What you are asked to do: Omit any pictures, and restate word for word only the lines from the one with "Lexi s Clean Kitchen" through the end of the data below.

Data provided:
· · ·

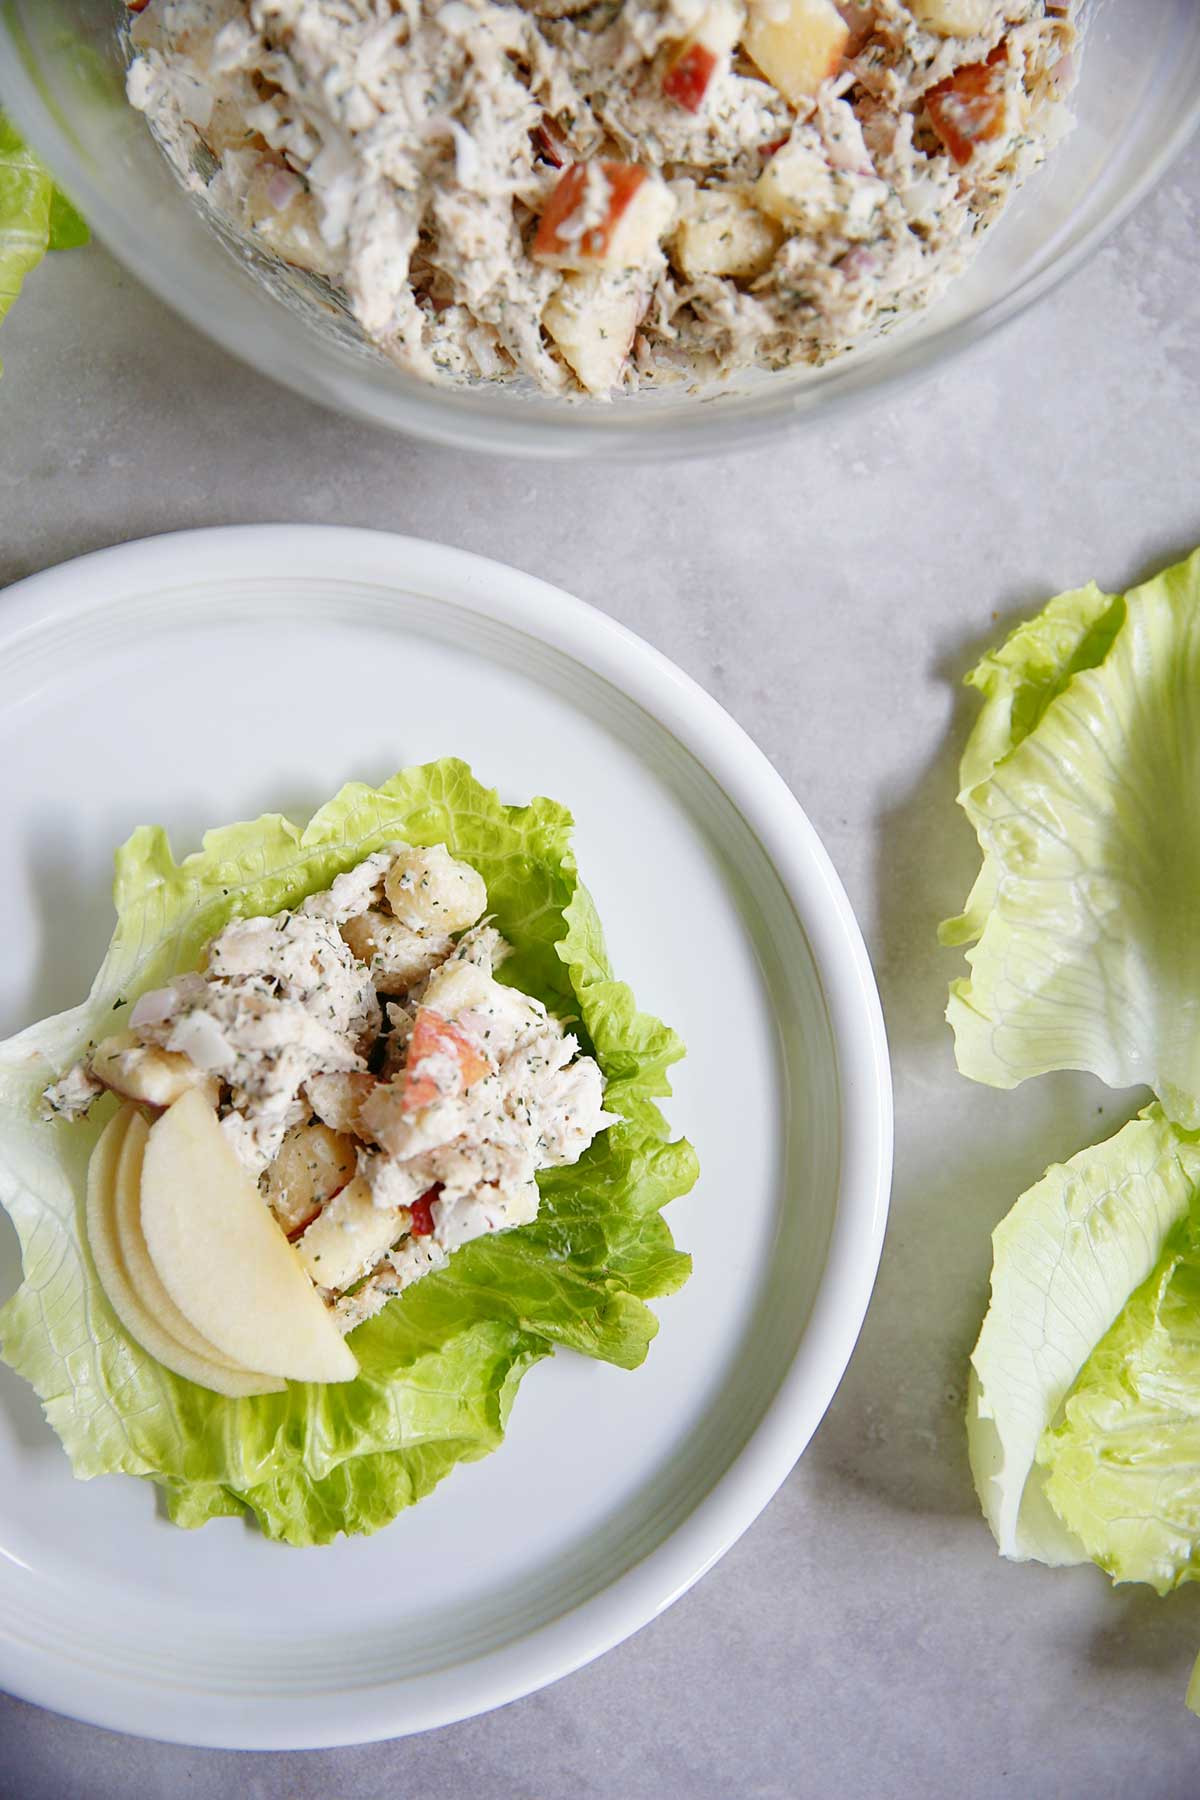 Chicken Salad Recipe With Apples
 Lexi s Clean Kitchen
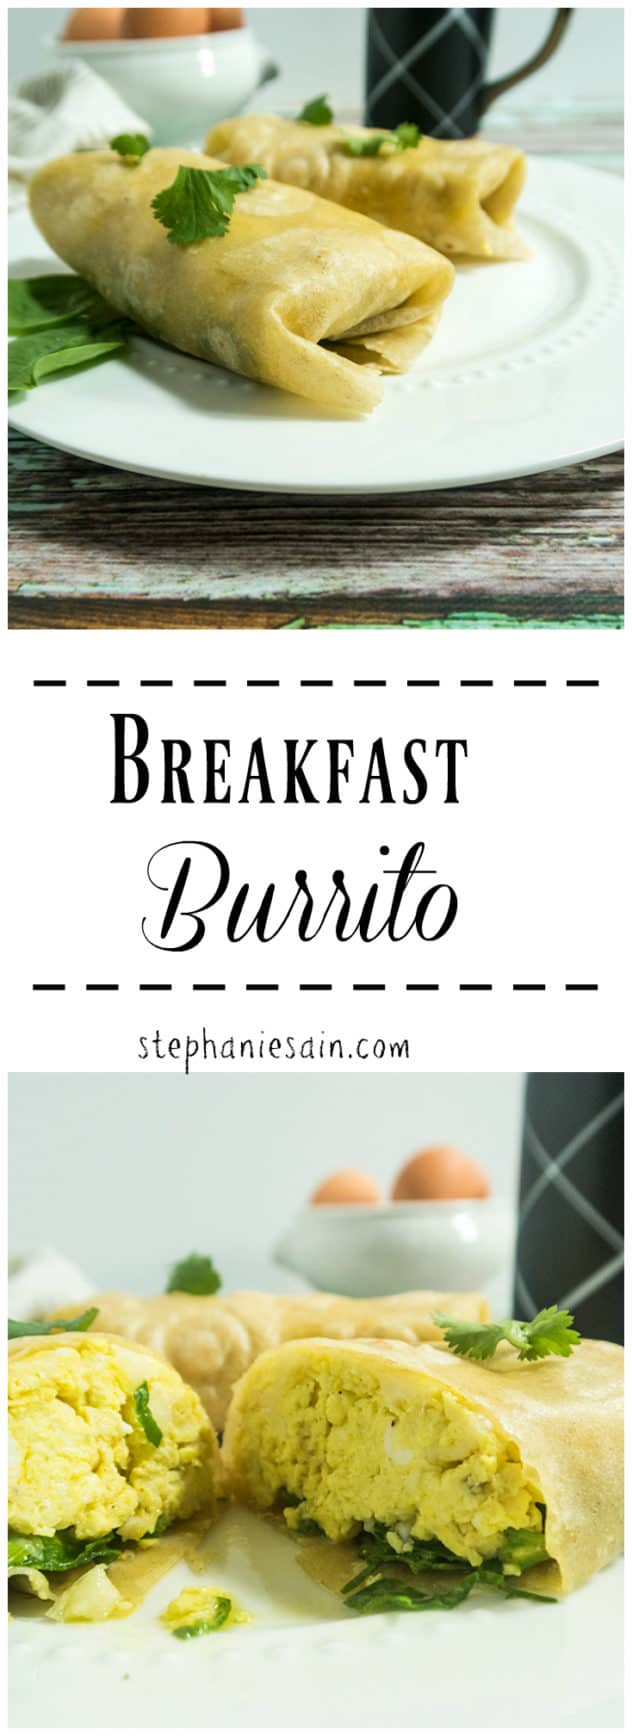 This Breakfast Burrito is the perfect Way to start the day. Loaded with scrambled eggs, spinach, and garlic for a tasty satisfying breakfast or brunch. Vegetarian & Gluten Free.
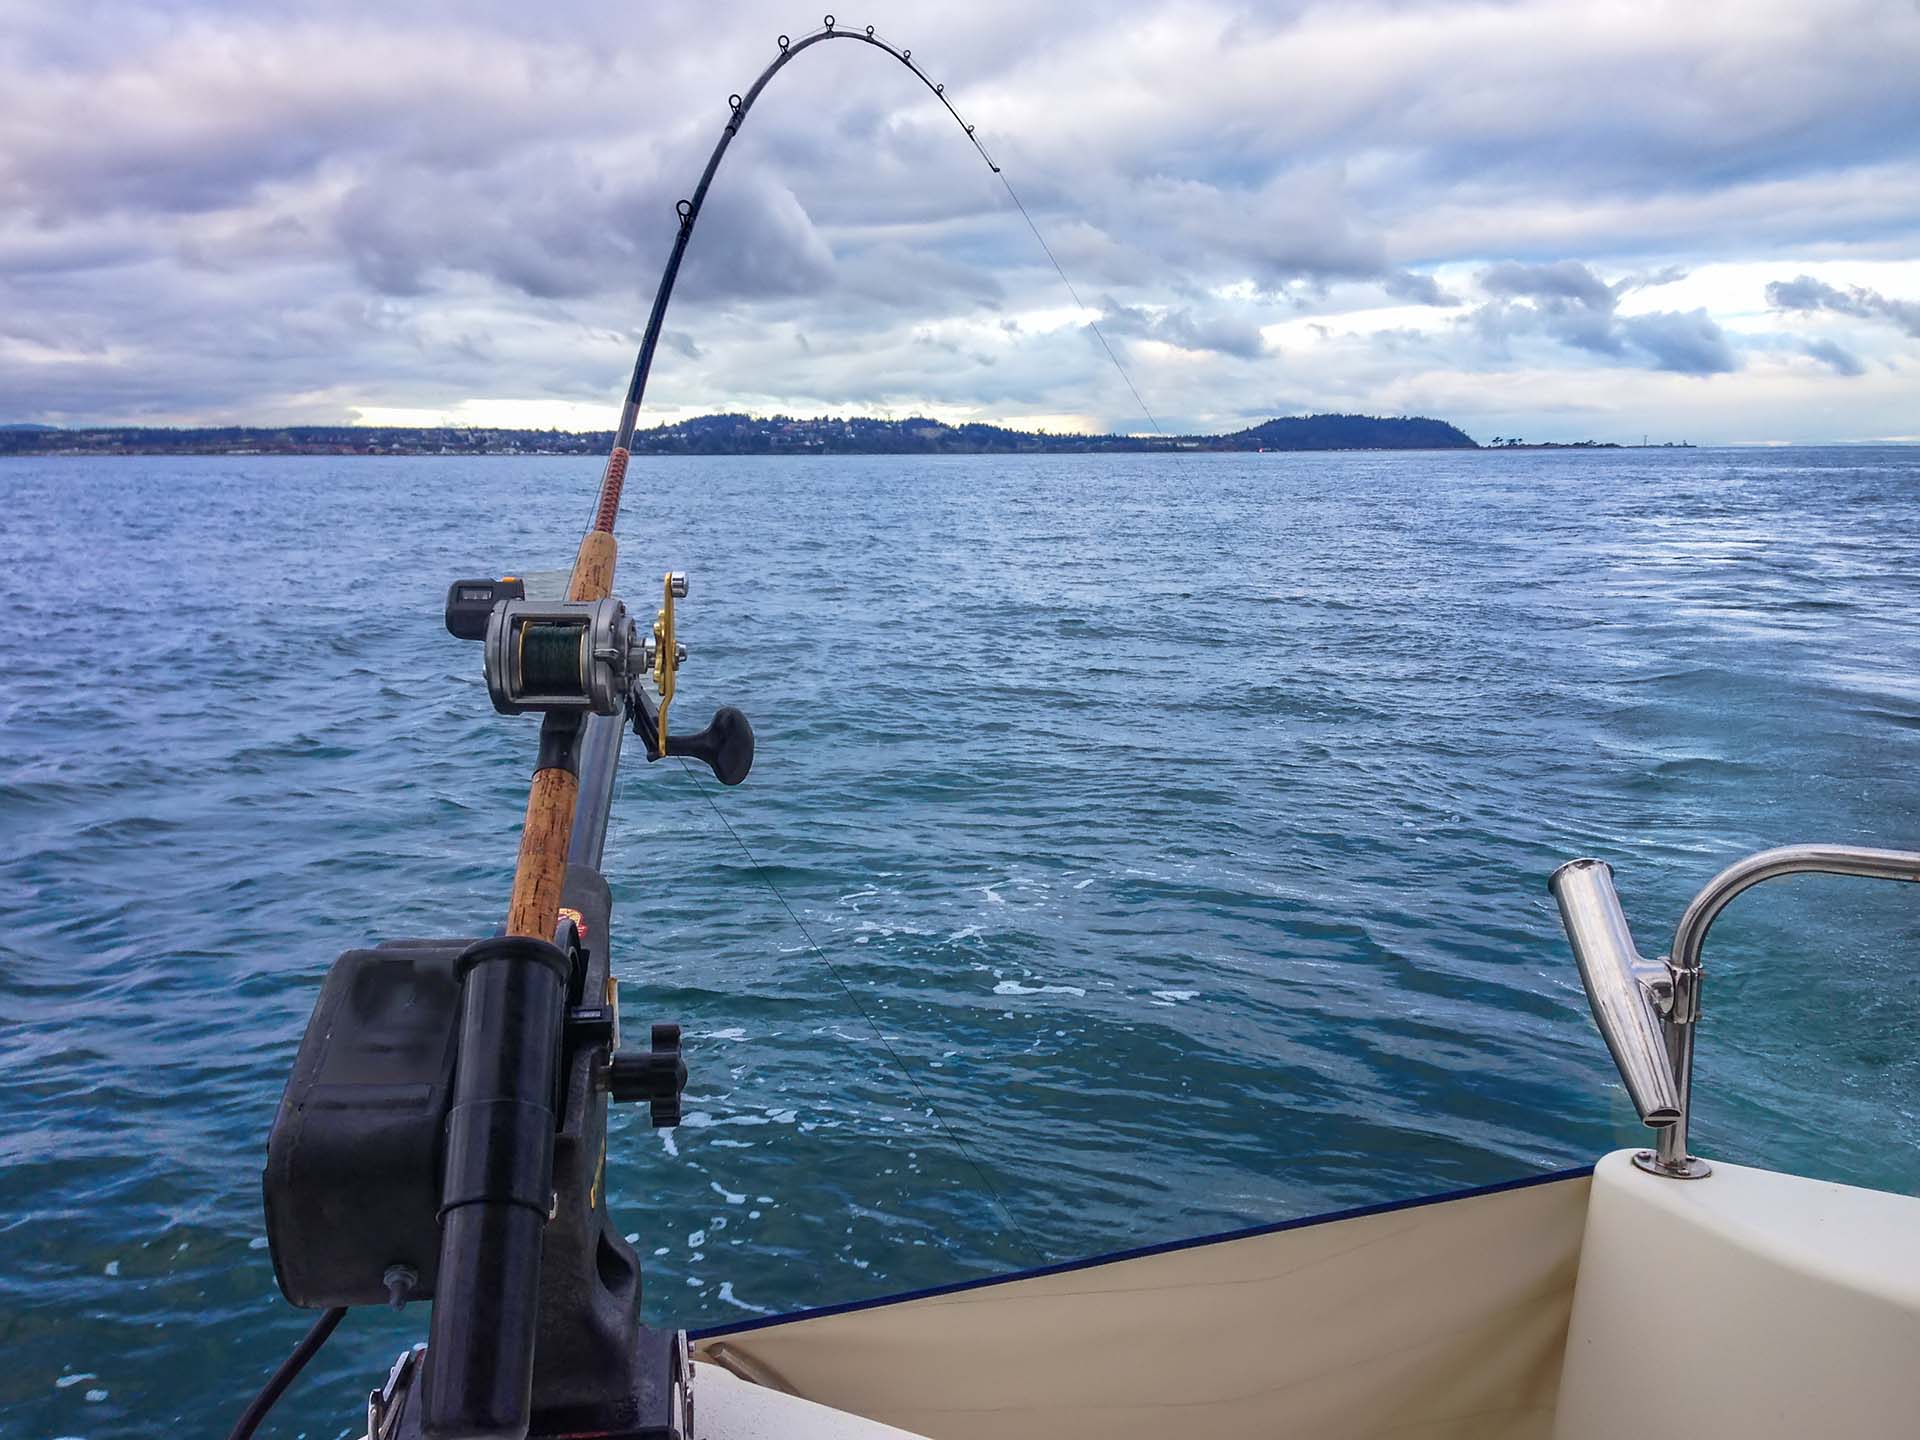 Inshore fishing rod on a boat

· · ·

Answer box:
 Lexi s Clean Kitchen
 This Breakfast Burrito is the perfect Way to start the day. Loaded with scrambled eggs, spinach, and garlic for a tasty satisfying breakfast or brunch. Vegetarian & Gluten Free.
 Inshore fishing rod on a boat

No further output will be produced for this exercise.